= Gilbert Tshiongo Tshibinkubula wa Ntumba =

Congolese politician (1942–2021)

Gilbert Tshiongo Tshibinkubula wa Ntumba (19 August 1942 – 1 February 2021) was a Congolese engineer, politician, and civil servant.

Tshiongo was born on 19 August 1942 in Lusambo, present-day Sankuru province, in Belgian Congo. He graduated with vocational and technical degrees in electromechanics in 1960.

Professionally, Tshiongo spent much of his career at Regideso, the country's public sector water delivery utility. In 1962, Tshiongo joined Regideso as the head of electromechanical and hydraulic plants in Kabinda.
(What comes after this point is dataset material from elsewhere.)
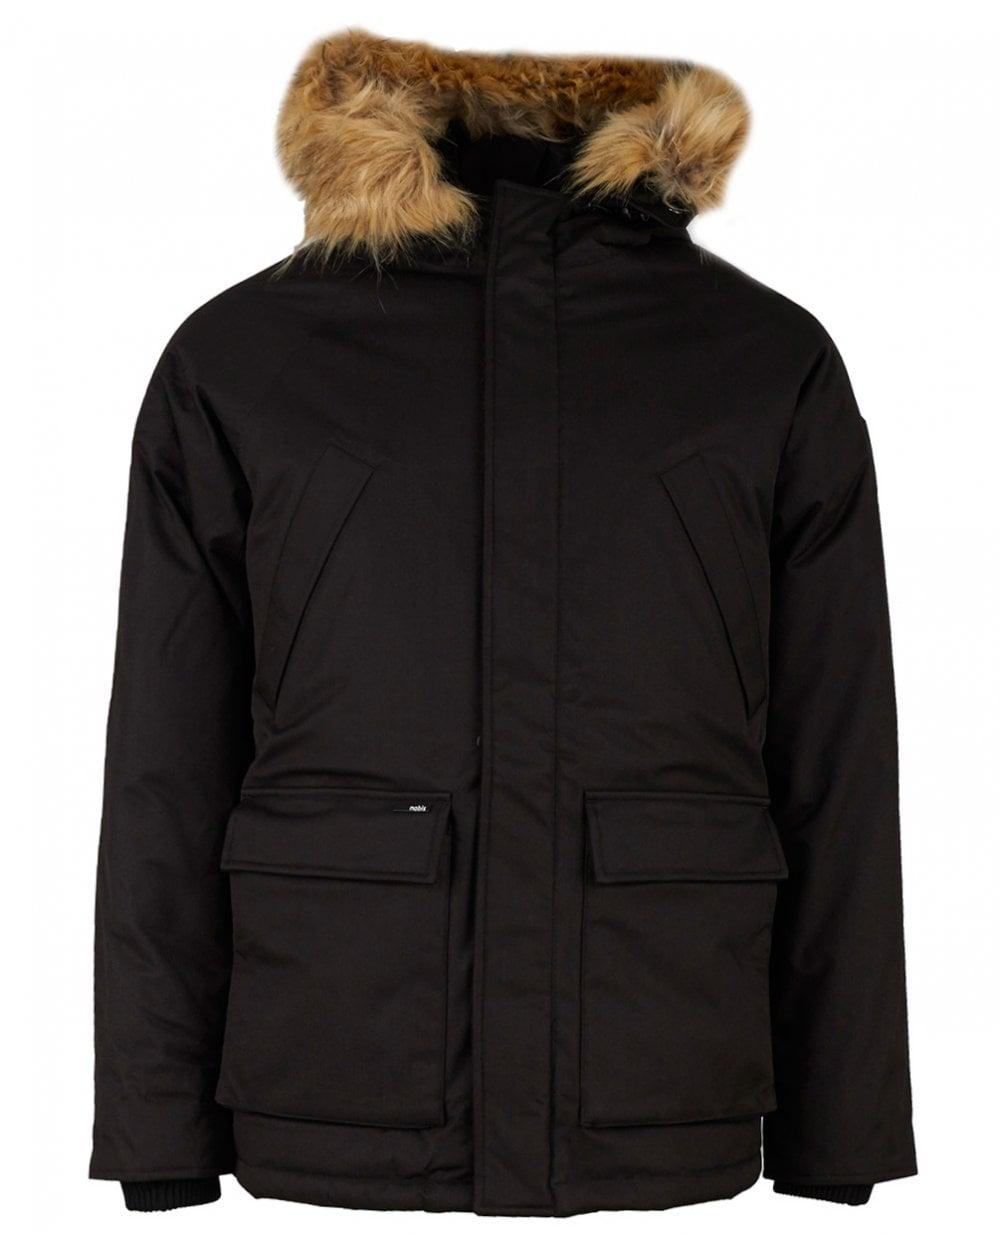 Nobis Fur Black Heritage Parka Jacket for Men - Lyst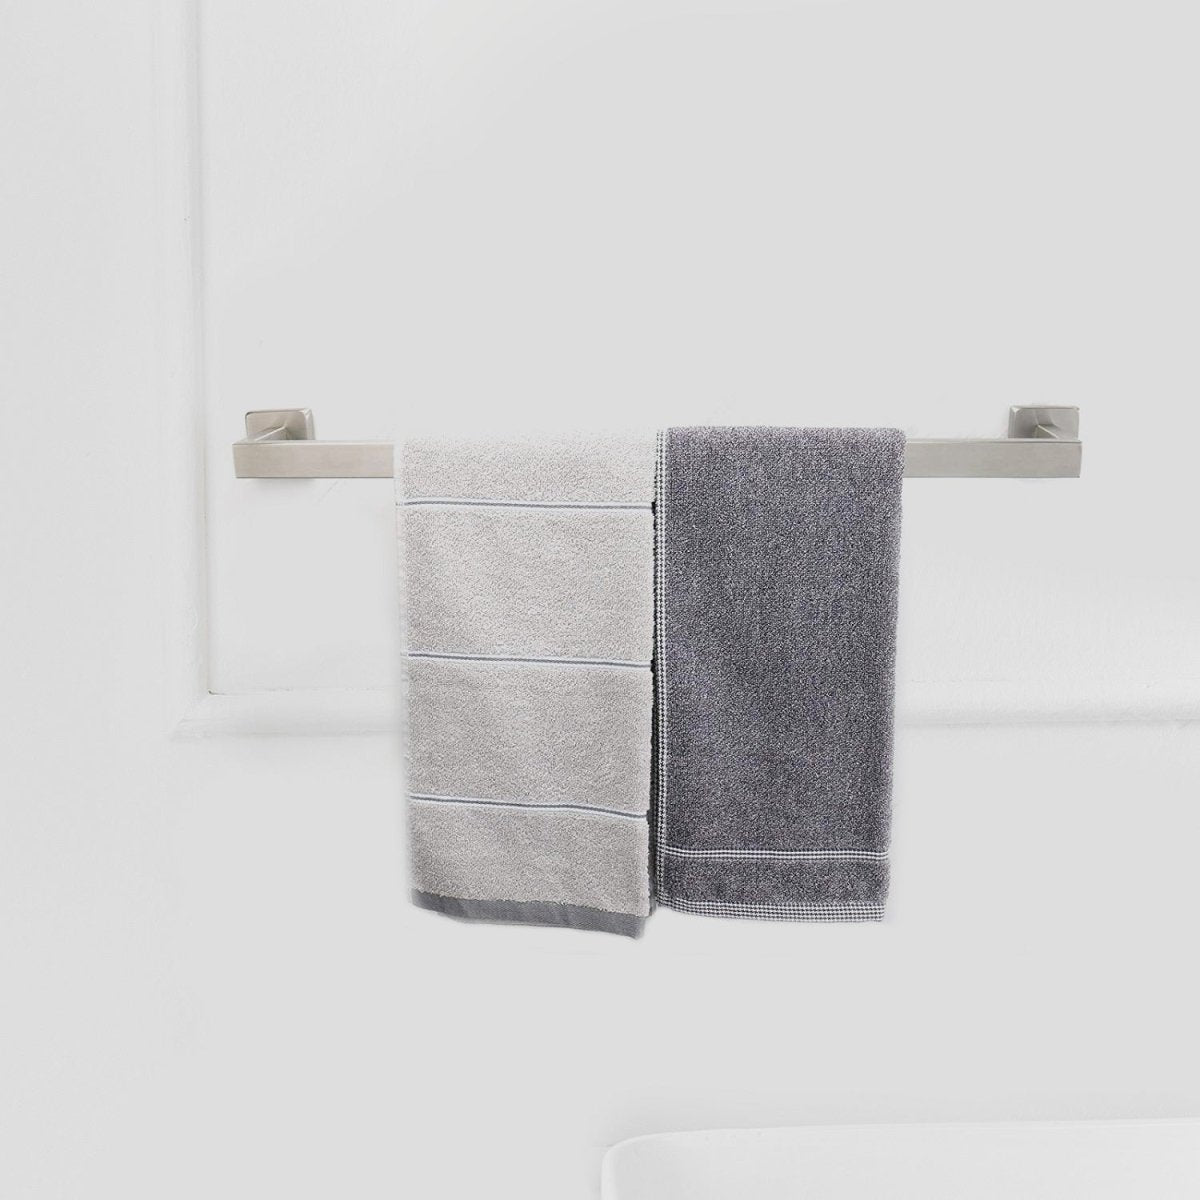 5 PCS Towel Bar Towel Hook Toilet Paper Holder Set Nickel - buyfaucet.com

He later became the President, CEO, and director general of Regideso.

Tshiongo served as Governor of the former Kasai-Occidental province from April 2006 to October 2006. He was elected to the National Assembly, representing the Dimbelenge Territory constituency in Kasaï-Central province. In February 2011, Tshiongo was appointed national Minister of Energy in the second cabinet of Prime Minister Adolphe Muzito, under President Joseph Kabila's administration.

Tshiongo died from an illness and COVID-19 in Kinshasa, Democratic Republic of the Congo, on 1 February 2021, at the age of 78.